Bring your own cushion!!!! Esta frase en la invitación delataba la actividad. Las expectativas eran altas. El maestro estaba aquí. Tenía una agenda cuasi presidencial, y ese día teníamos la gran suerte (me imagino) de él que estaba aquí.
Hace ya un par de años, en mi papel de concejero arquitectónico, accedí con placer a asistir a una congregación de un grupo, cuyo nombre olvidé en cuanto pagué el peaje de mil colones para ver al maestro. Nuestra misión era entender la necesidad arquitectónica de la congregación compartiendo una sesión con el maestro. A partir de esto se debía de entender cuales eran las necesidades para construir el centro de meditación y silencio Pacha Mama…
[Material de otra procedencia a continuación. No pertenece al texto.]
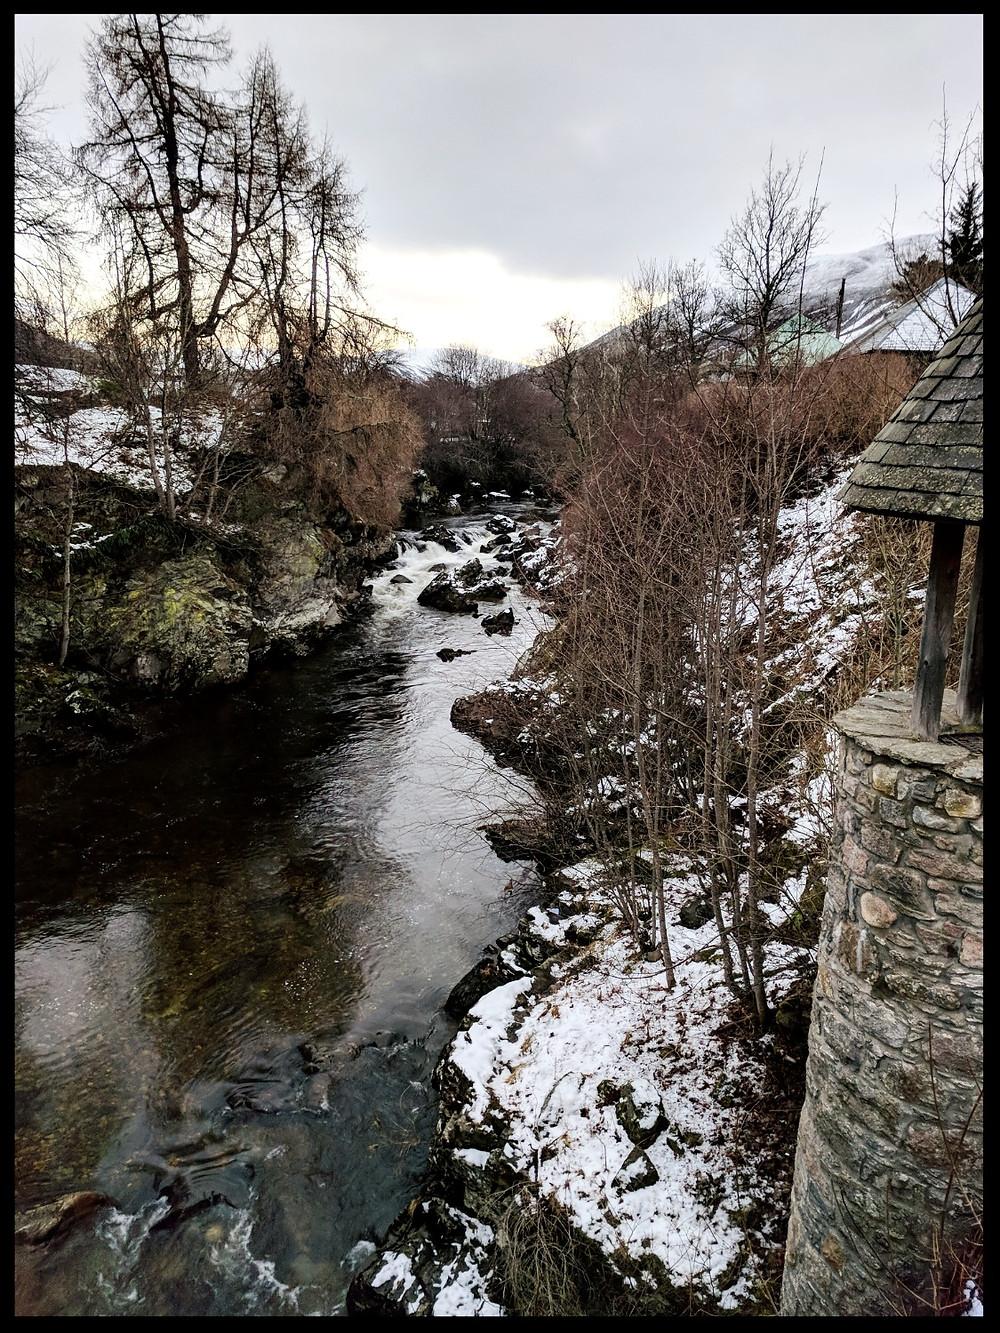 Braemar, Scotland

De cojín en mano entramos los tres. Tras un unas cortinas muy ad hoc se paseaban las tentaciones del maestro, o de cualquiera por lo que vale el comentario. Todos esperaban ansiosos en la terraza, eran al menos 40… más nosotros tres. Todos obedecieron y llevaron su cojín. Los tres nos separamos para acomodarnos entre la multitud. Yo hubiera preferido sentarme con mi entourage, pero se diluyó rápidamente, no fue hasta después, sobre un ravioli que entendí que ellas corrieron porque si nos sentábamos juntos la risa hubiera matado el silencio. Todos cantaban en lenguas (Bueno, era portugués la verdad)… yo canté también, no quería parecer como si no perteneciera aunque mi kakis y camisa de lino me delataban. La única estrofa que recuerdo, es “Trabahiare, trabahiare con amor”.
De blanca túnica, barba escasa, mechas largas que no inspirarían un comercial de Pantene, y unos ojitos pispiretos de satirito viajado, salió el maestro… o master como nos referiremos a el de aquí en adelante. Se sienta en alto, bueno en una silla… yo estaba en un cojín en el piso. Su primera frase fue “Silence”… tres minutos y quinces segundos después más sabiduría de boca “Silence is Silence”. Desgraciadamente no recuerdo mucho más de lo que nos compartió tan iluminada figura, más que alguna pregunta al final de un fiel seguidor…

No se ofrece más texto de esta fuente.